Just another few data points: I see the plain loop version as being 14
times *slower* than the memcmp version for 512MB, provided I don't
optimise! At gcc -O1 and above the memcmp takes twice the time the
plain loops does. The reason seems to be that gcc replaces memcmp with
a repz cmpsb instruction (plus housekeeping gubbins) and these string
instructions have a reputation for being slow.

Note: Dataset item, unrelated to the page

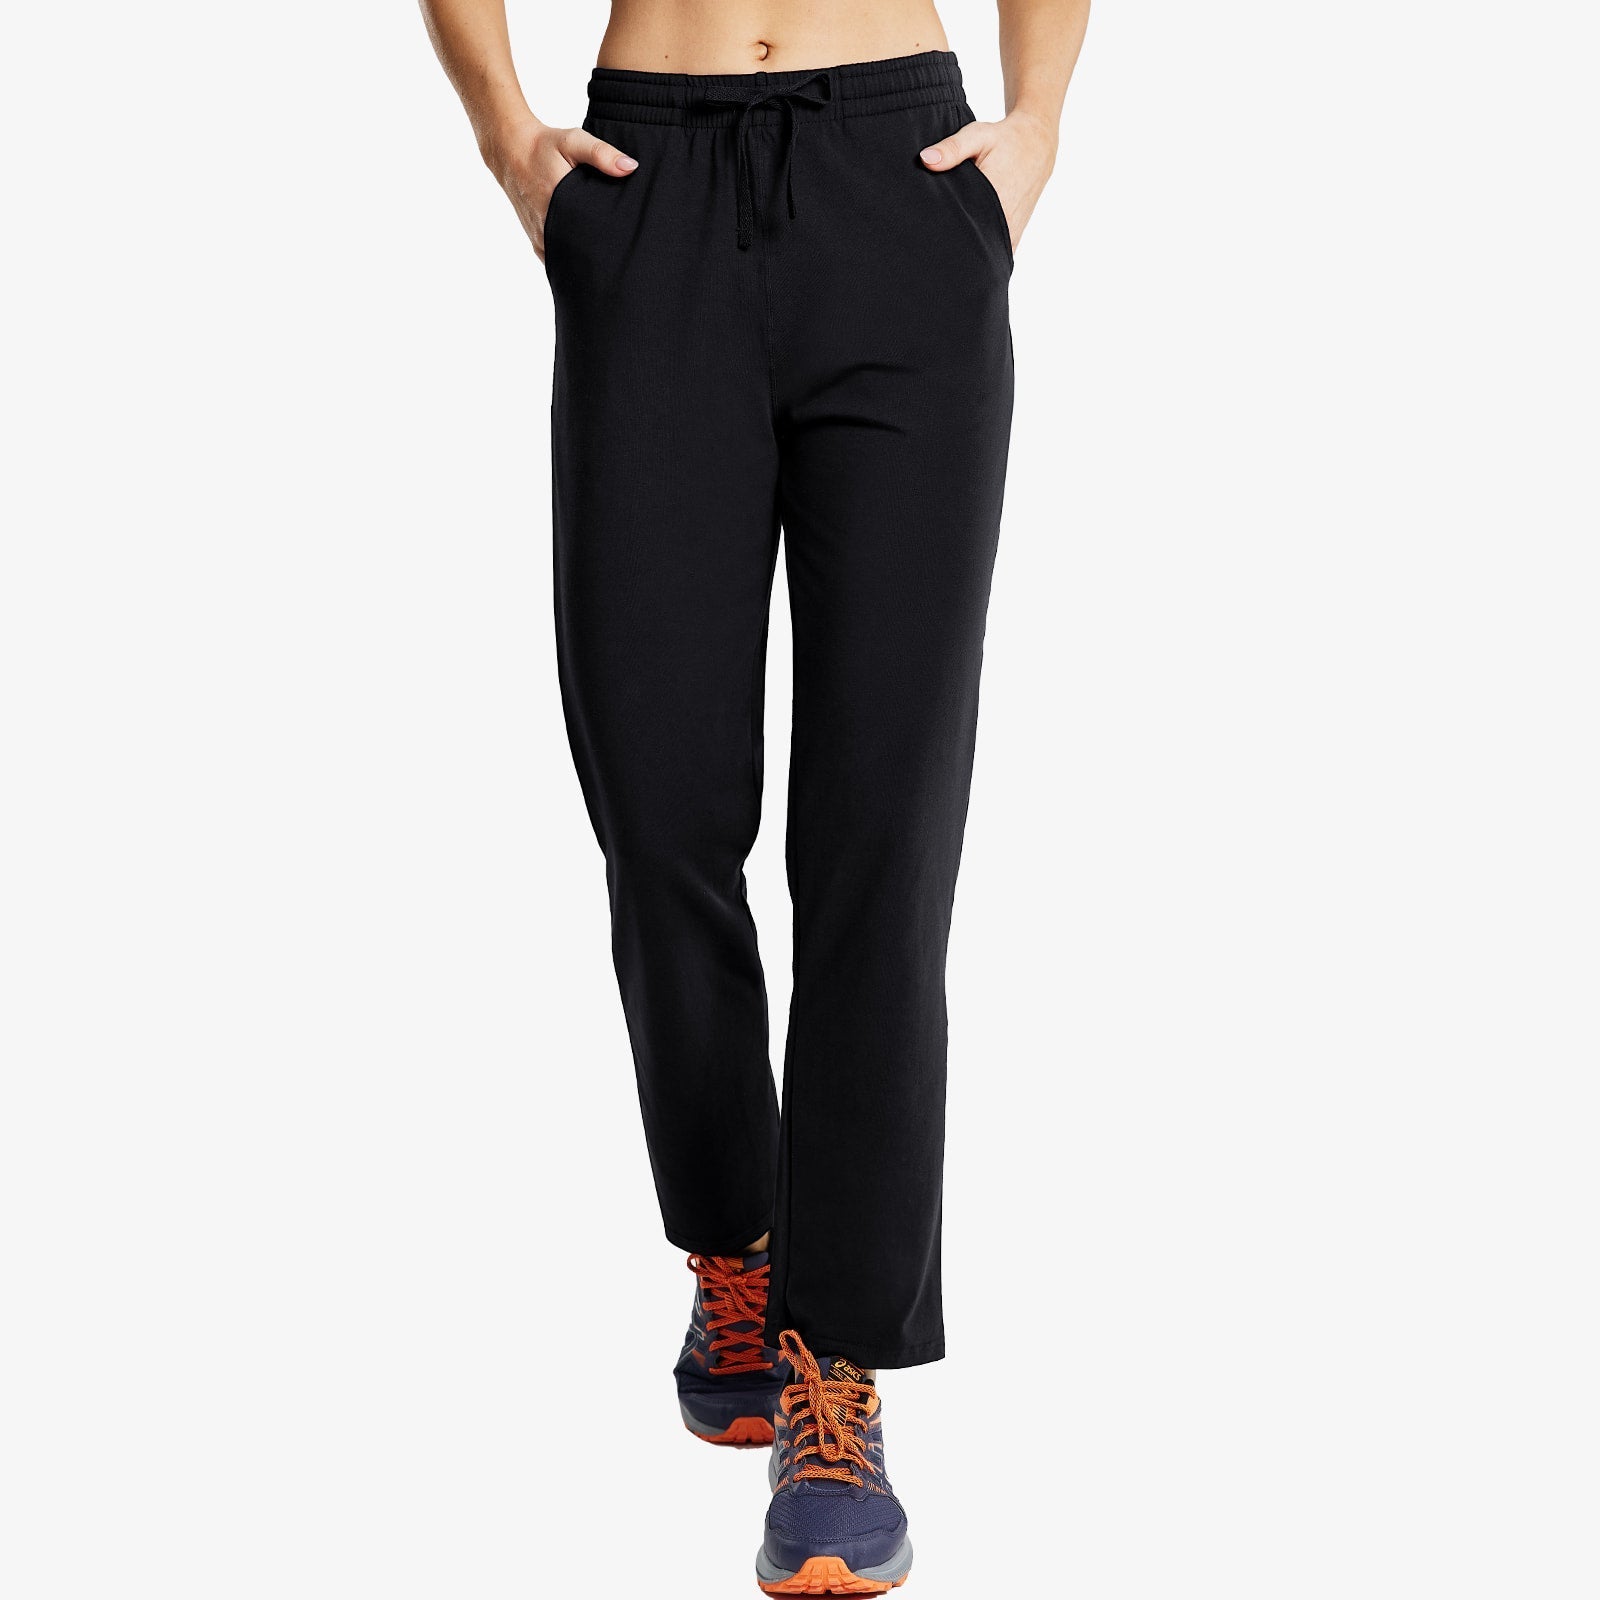 Women's Cotton Sweatpants Casual Drawstring Pants - Black / XS

The memcmp method is still four times faster than the loop (on this
data, on this machine, with the library, with... etc) provided gcc can
be told not to inline it to cmpsb instruction.
To summarise:
for loop memcmp
gcc unoptimised 13.333s 0.932s
gcc optimising 4.160s 8.250s
I'd post the CPU, gcc version and so on but I think the real messages is
*measure*. You can still be surprised after <mumble> years in this
field.
i was surprised with your results even more than with my own.
i
already removed test code i've wrote before posting my last message and
so i had to rewrite it once more... and bang! it looks like i had a bug
(probably #ifndef instead of #ifdef for switching implementations with
-D), because now i'm getting similar computation times i got before, but
both versions are faster for memcmp(). namely:
for() memcmp()
-g3 ~1.2
~0.11
-O3 ~0.4 ~0.11